Since 18 March there have been five confirmed cases of asymptomatic infection in Dongguan in Guangdong province, a major manufacturing hub. Last week, authorities formally arrested a man in Beijing who was diagnosed as an asymptomatic carrier in mid-February. He repeatedly visited grocery stores, pharmacies and other public places against regulations. His mother has been infected and 20 other close contacts have now been quarantined.

Two recently confirmed patients, one in Gansu province and one in Guangdong province, had both previously been in Xianning county in Hubei where no locally transmitted cases have been reported since late February. This has led to conjecture that they contracted the virus from asymptomatic carriers in the area.

Authorities have now tracked down 15 people in close contact with Wang in Henan, and 53 people who could have been infected by the three doctors have now been quarantined.

The government has tried to assure the public.
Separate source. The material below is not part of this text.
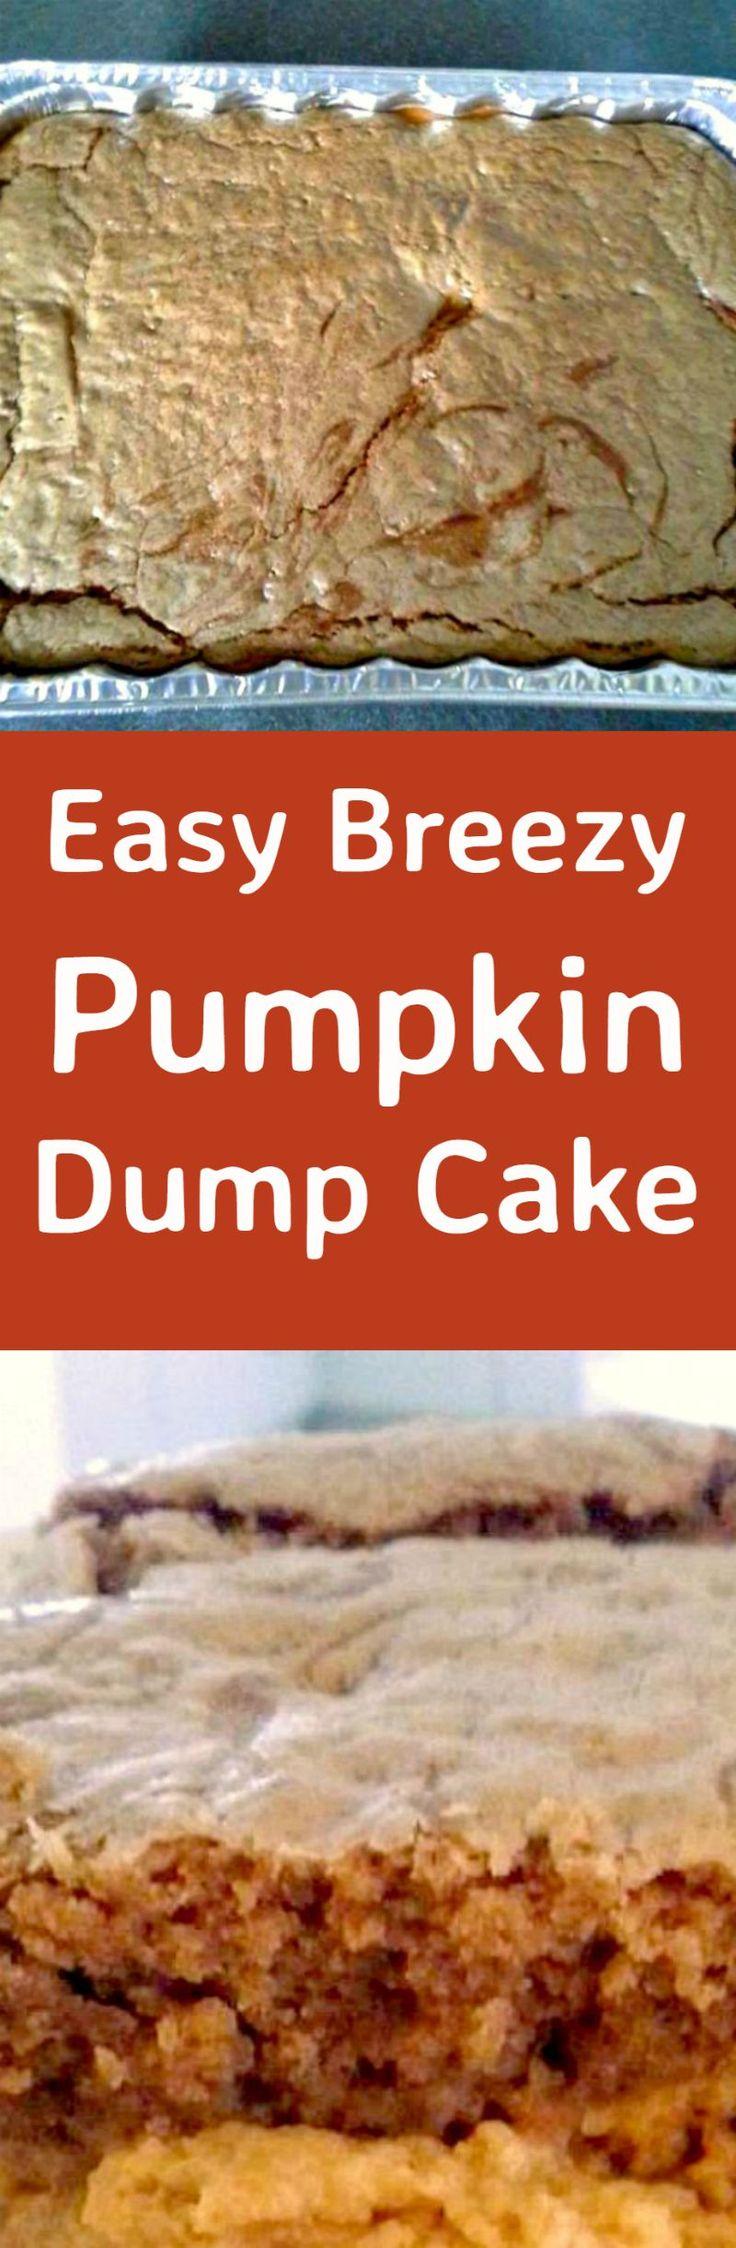 Easy Breezy Pumpkin Dump Cake - Recipes for regular and lite versions. You choose! | Lovefoodies.com

China’s top respiratory disease expert Zhong Nanshan told the state broadcaster CGTN that while asymptomatic patients who have been in close contact with confirmed patients can be “very infective”, he did not believe they posed a “big problem” in China.

“I suppose we don’t have too many asymptomatic patients. If we did, they would be transmitting to other people and pushing the number higher,” he said.

Last week, the premier, Li Keqiang, called on health officials to investigate whether asymptomatic people were contagious, in order to help the country’s ongoing prevention plans, and ordered officials “not to cover up” cases.

But the infectious disease expert Zhang Wenhong, said at a symposium on Friday that asymptomatic carriers would continue to pose a major risk, even as China took measures, such as temporarily banning foreigners from entering the country.

“Now, we only allow Chinese people to come back. But when our country’s doors open again, there will be large numbers coming in. When they are asymptomatic, the risk is great.”